PaddlePaddle: A Complete Enterprise Solution

  • 2. DOCUMENTATION ▸ Github repo: ▸ https://github.com/PaddlePaddle/Paddle ▸ DL 101 Book: ▸ book.paddlepaddle.org ▸ https://github.com/PaddlePaddle/book
  • 3. A REAL REQUEST FOR AI ▸ How to control TV sets via voice ▸ AI Hub ▸ No. An Alexa in each room? ▸ AI API ▸ No. Business owners don’t want user behavior data go to AI tech providers. ▸ AI on Cloud ▸ No.
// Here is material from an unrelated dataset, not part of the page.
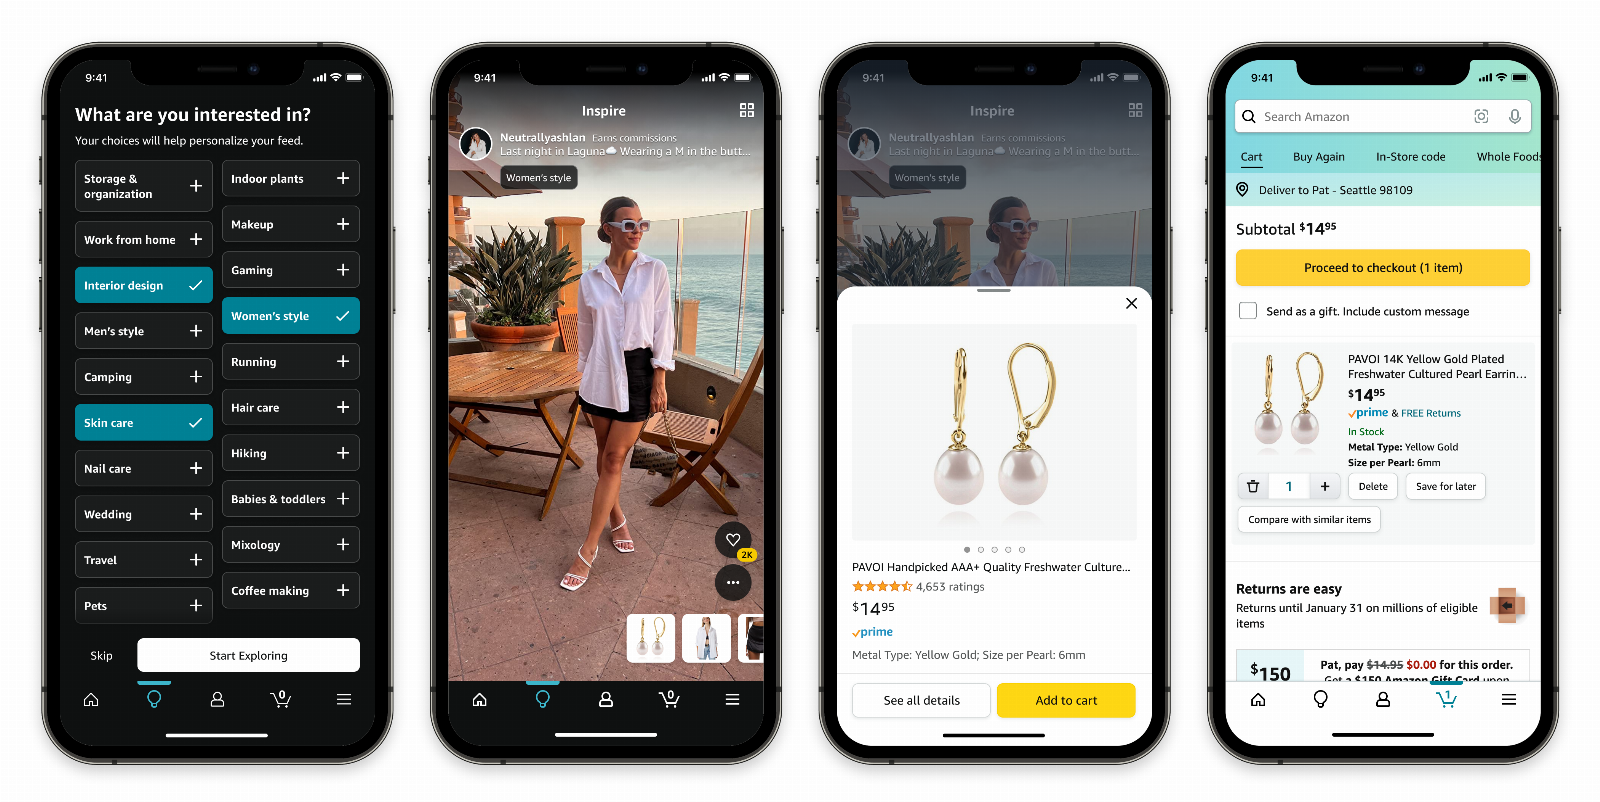 Amazon’s TikTok-like Inspire shopping feed is now available to all customers in the US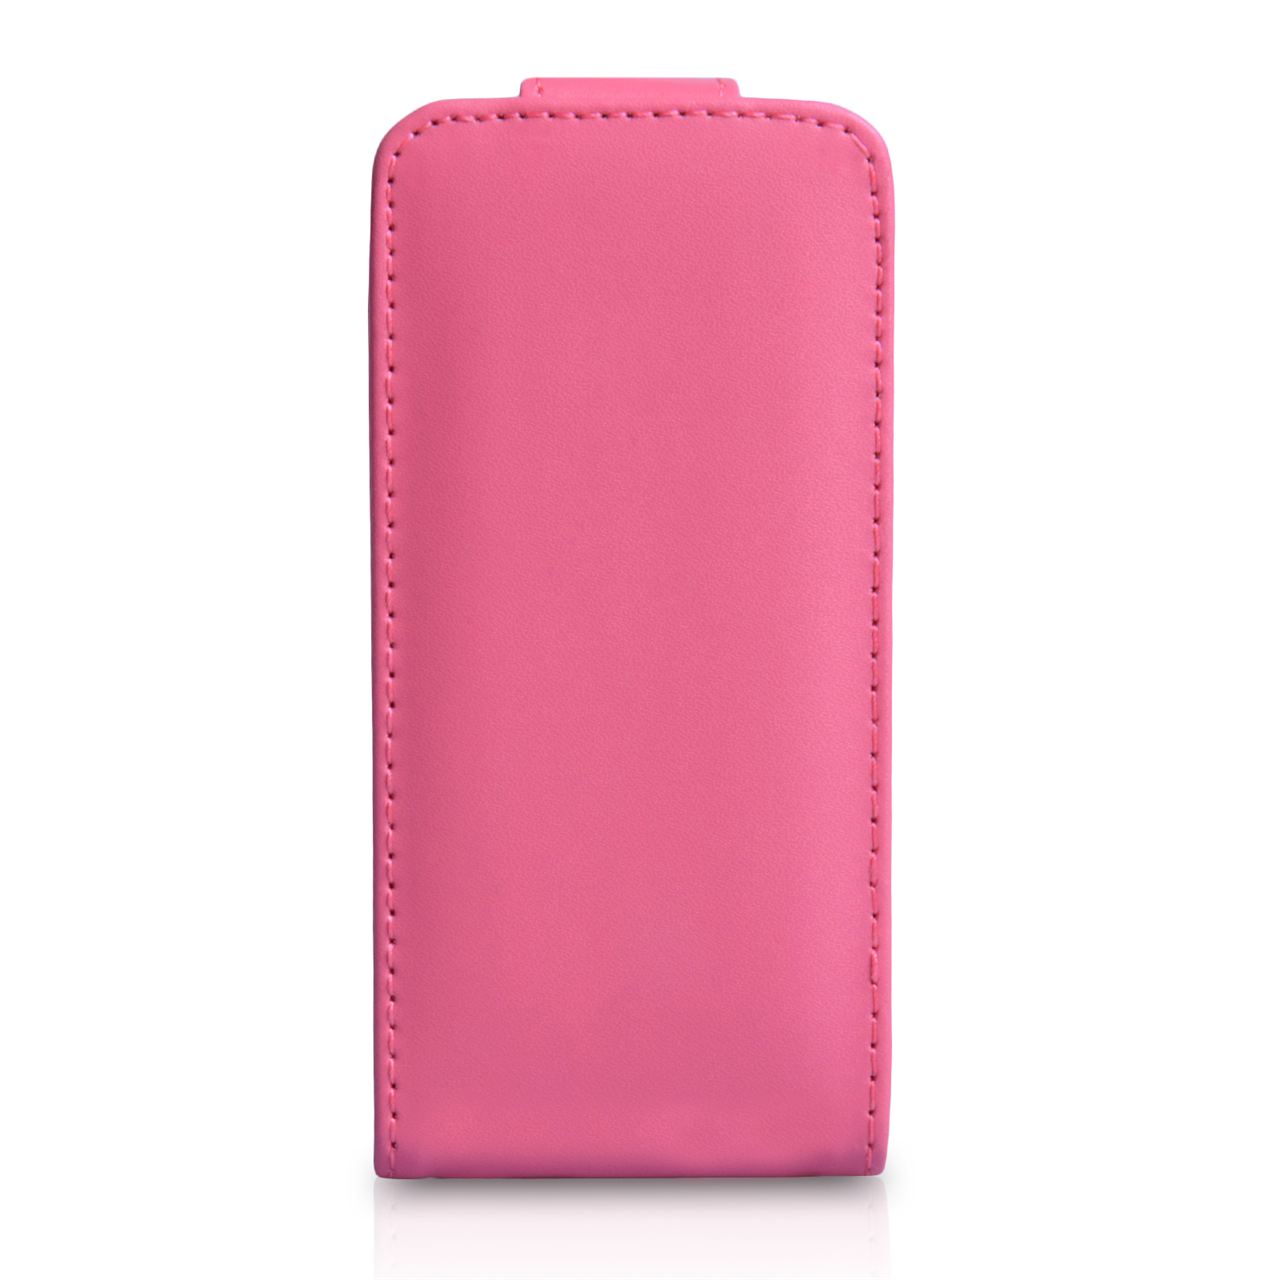 YouSave Accessories iPhone 5C Leather Effect Flip Case - Hot Pink

GPU instances are too expensive. ▸ AI on on-premise clusters ▸ Yes.
  • 4.
  • 5. CLOUD AND ON-PREMISE CLUSTERS Internet traditional big companies on- premises cluster on- premises cluster small companies cloud on- premises cluster
  • 6. THE SOLUTION - GENERAL PURPOSE CLUSTERS GPU servers Multi-GPU servers CPU servers… Kubernetes: a distributed operating system PaddleSpark speech model trainer speech API server fluentd nginx log Kafka online data process offline data process Hadoop HDFS labeled data model Internet clients: - Web browser - mobile apps - IoT devices
  • 7. CHALLENGES - GENERAL PURPOSE CLUSTERS ▸ group replica of processes into jobs ▸ Web services, data processing pipelines, machine learning jobs. ▸ service isolation and multi-user ▸ online experiments requires real log data stream, so ▸ we run production jobs and experimental jobs on the same cluster. ▸ priority-based scheduling ▸ a high-priority (production) job can preempt low-priority (experiment) jobs. ▸ make full use of hardware ▸ e.g., schedule processes of a Hadoop job that requires network and disk bandwidth and processes of a deep learning job that requires GPU on the same node.
  • 8. CHALLENGES - FAULT-TOLERABLE JOBS ▸ auto-scaling ▸ there are often many active users at day time, so the cluster kills processes of deep learning jobs and creates more Web service processes. ▸ in nights, it kills some Web service processes to run more deep learning processes. ▸ fault-recovery ▸ a job must be tolerable with a varying number of processes. ▸ speedup v.s. fault-recovery ▸ speedup optimizes a job. ▸ speedup with fault-tolerance optimizes the business.
  • 9. A PADDLE PADDLE JOB parameter server 1 parameter server 2 trainer 1 global model shard 1/2 global model shard 2/2 local model shard 1/2 local model shard 2/2 trainer 2 local model shard 1/2 local model shard 2/2 trainer 3 local model shard 1/2 local model shard 2/2 master gradients/model gradients/model gradients/model tasks tasks tasks
  • 10. AUTO FAULT-RECOVERY etcd job B master of job A job A task 4 task 2 task 1 todo pending done task 3 task 2 task 1 todo pending done task 3 master of job B todo created pending done dispatched completed timeout
  • 11. KEEP OPEN ▸ Thanks to the Kubernetes community for their expertise on distributed computing and their effort of code review. ▸ We hope to see more traditional industries have their on- premise clusters support running their whole business. ▸ PaddlePaddle will keep open. ▸ We are working on open source more AI technologies basing on PaddlePaddle.